Dataset records ->
☆ ☆ ☆
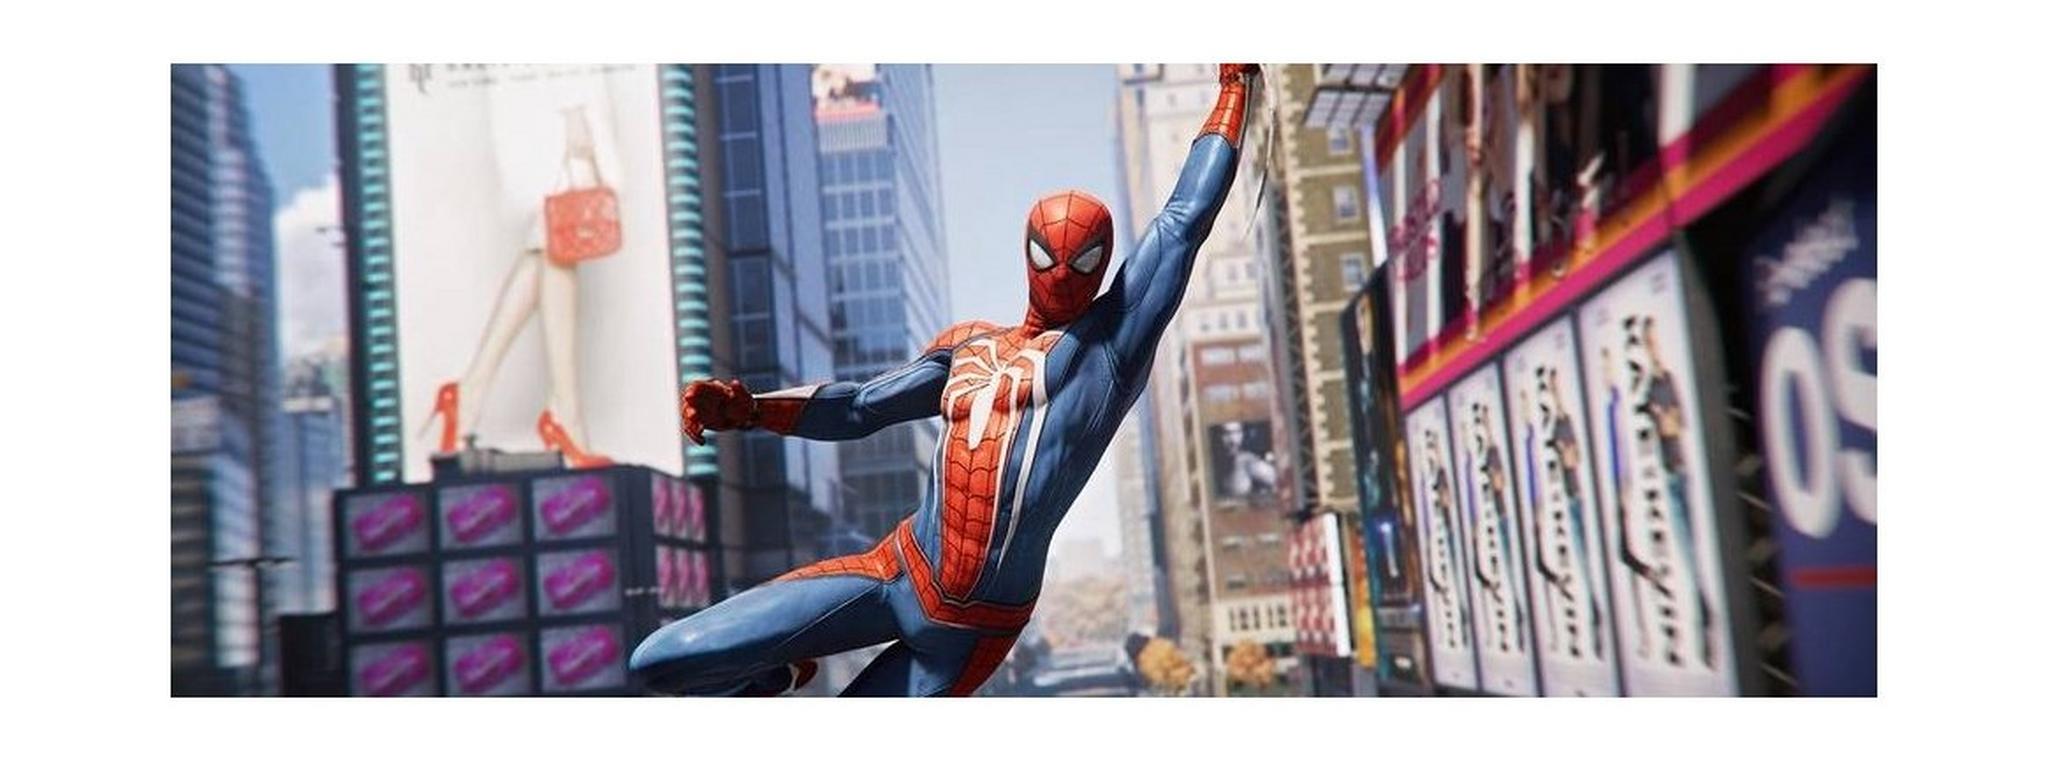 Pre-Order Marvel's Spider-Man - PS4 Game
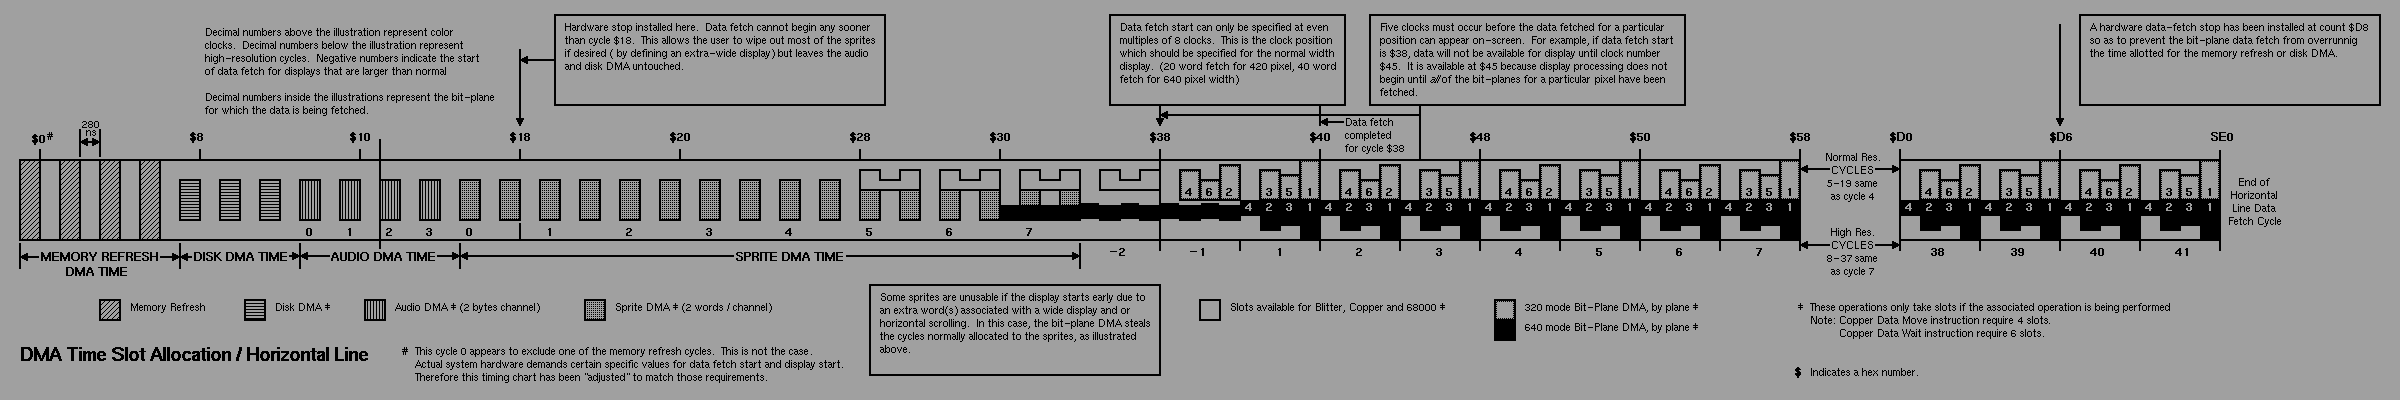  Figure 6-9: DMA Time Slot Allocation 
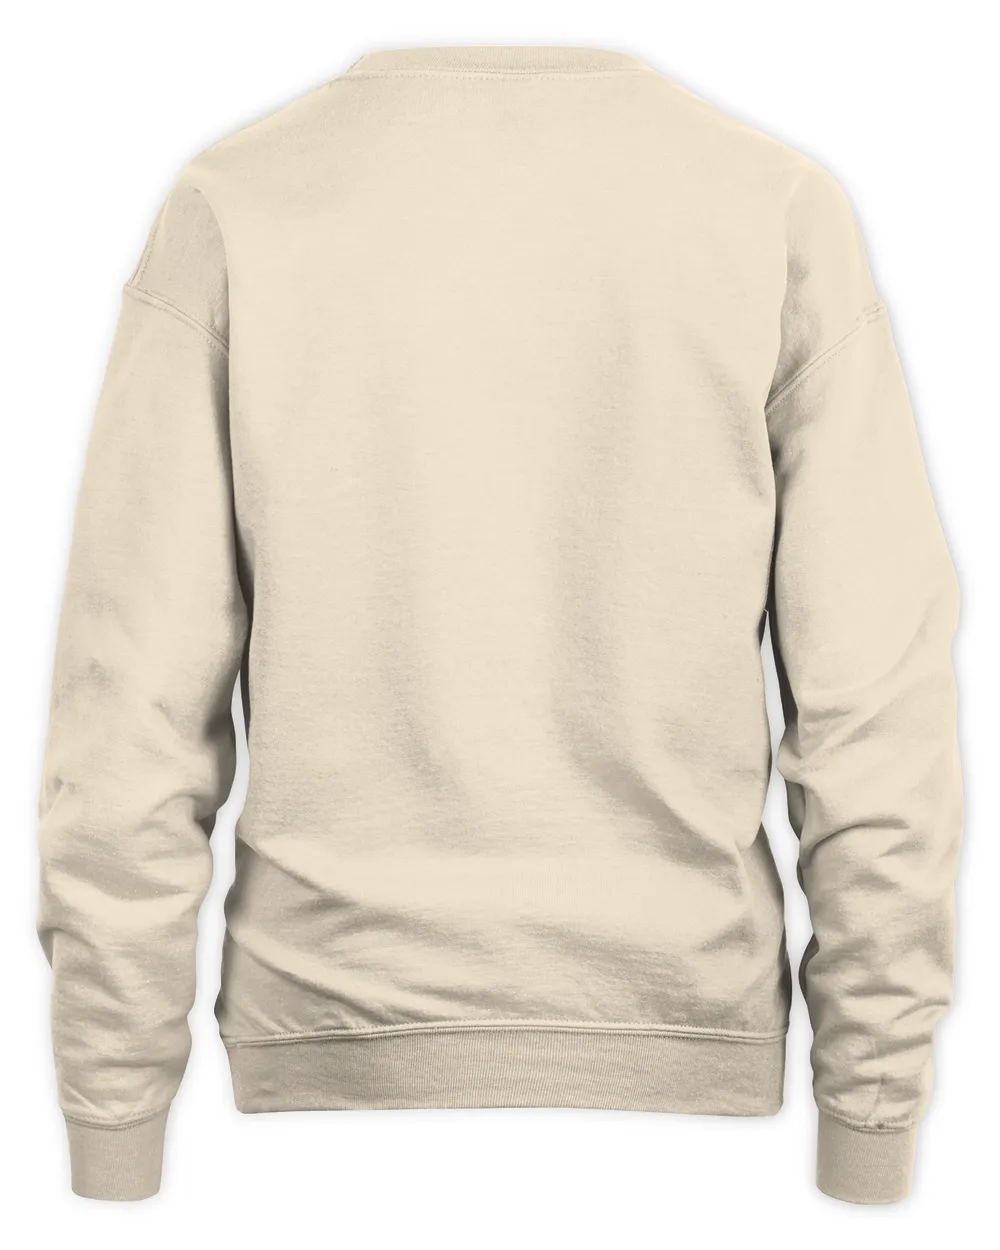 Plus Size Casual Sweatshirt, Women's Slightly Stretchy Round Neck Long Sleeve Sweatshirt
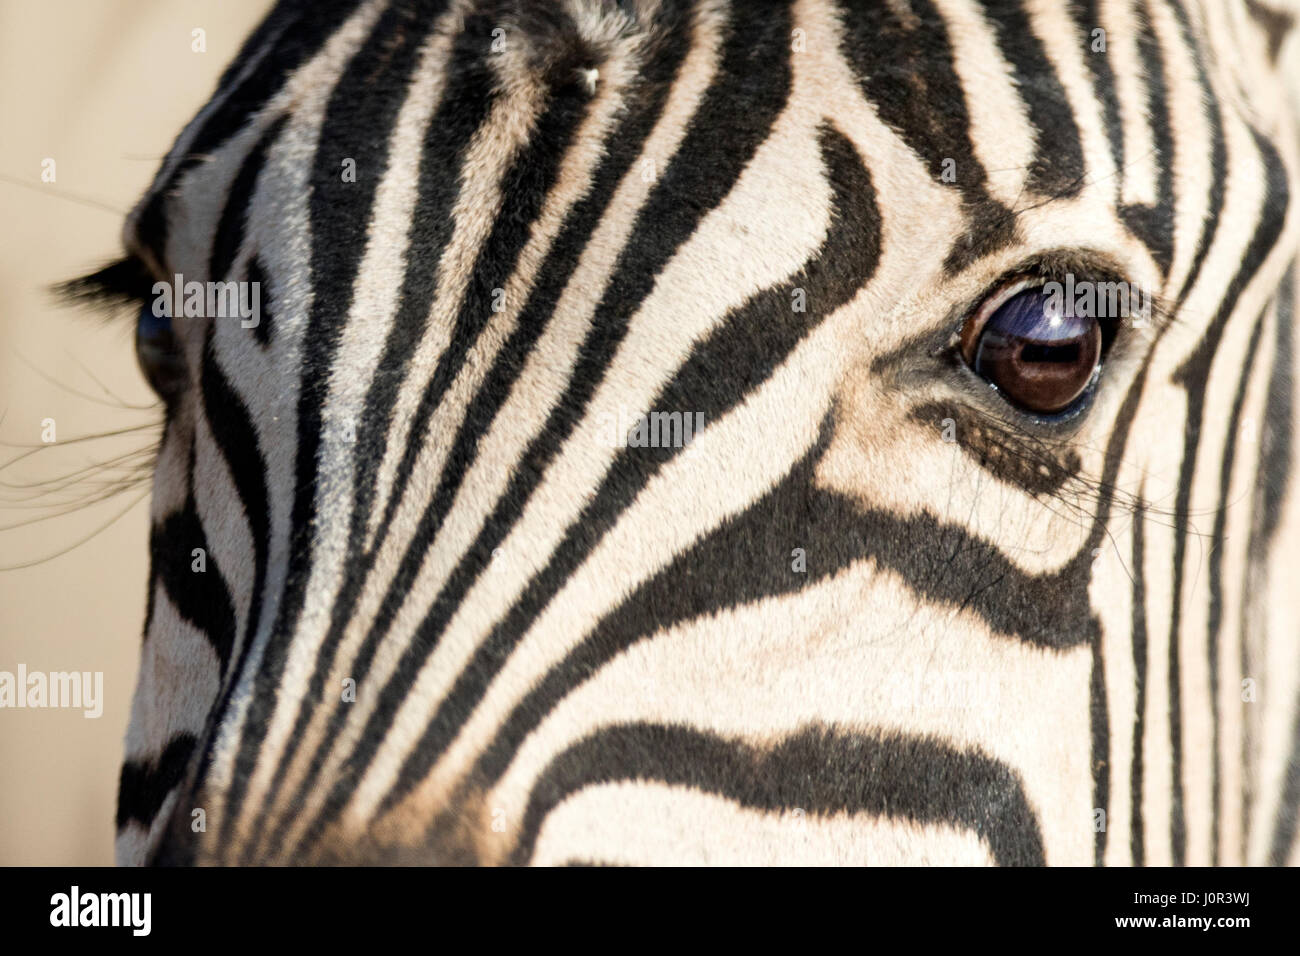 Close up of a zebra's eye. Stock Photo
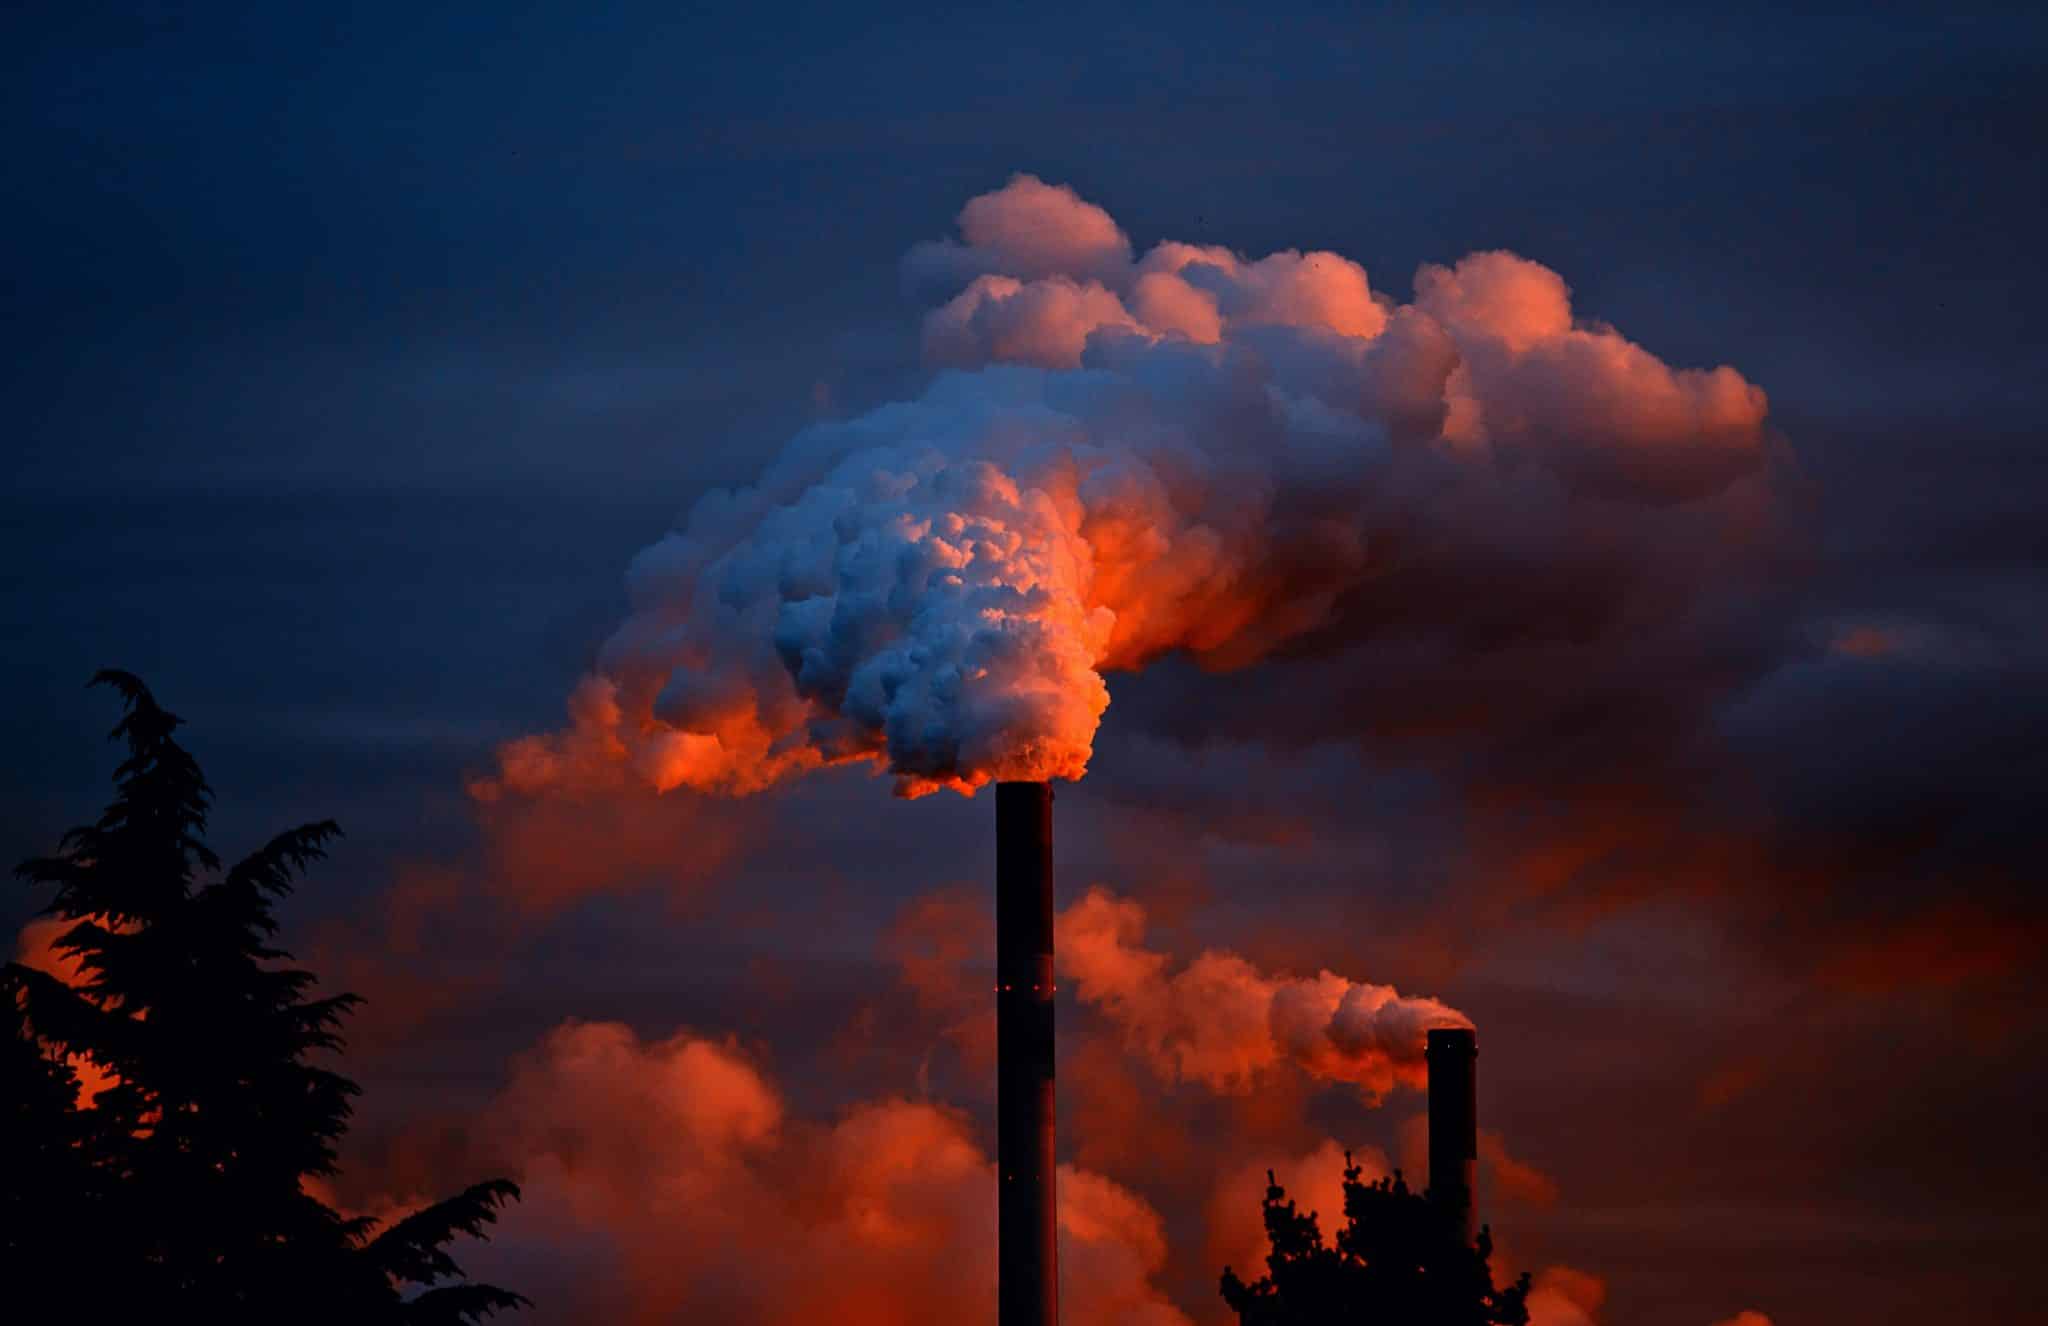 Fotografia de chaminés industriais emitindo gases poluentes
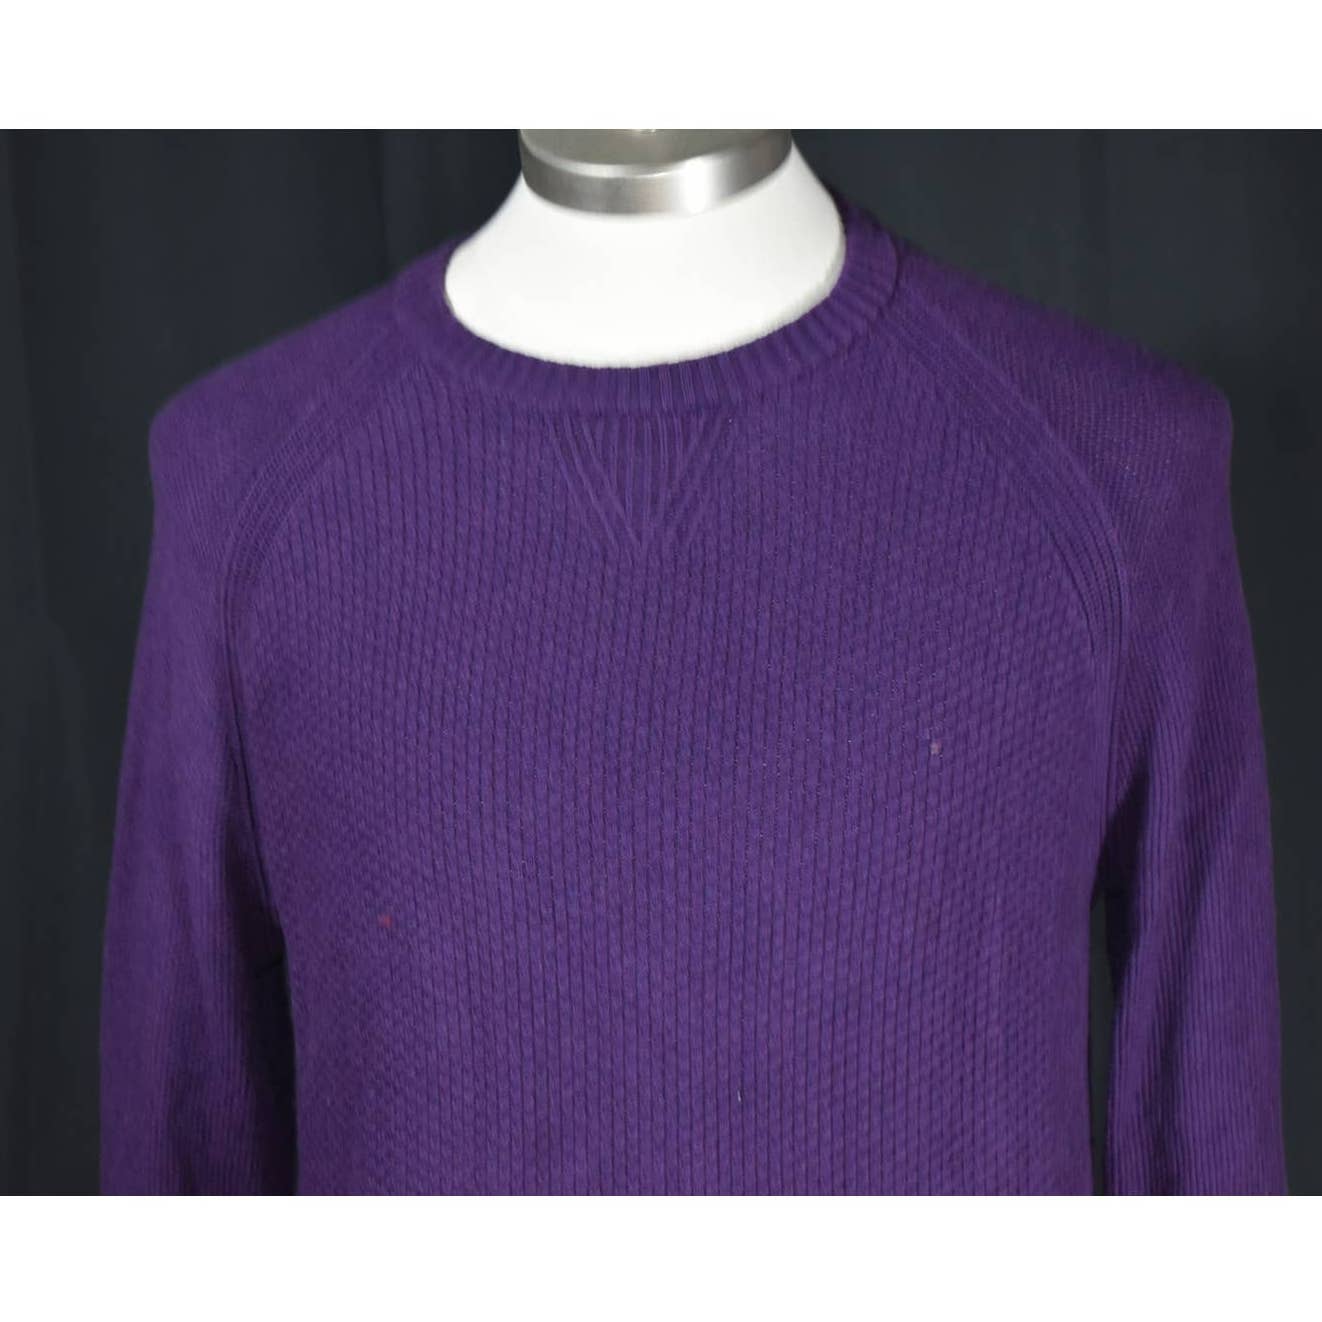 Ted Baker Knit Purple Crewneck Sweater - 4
☆ ☆ ☆
Work item ->
Transcribe exactly the span of lines from the line holding "Fotografia de chaminés" through the last line above, both included. Pictures stay out.

The answer ->
 Fotografia de chaminés industriais emitindo gases poluentes
 Ted Baker Knit Purple Crewneck Sweater - 4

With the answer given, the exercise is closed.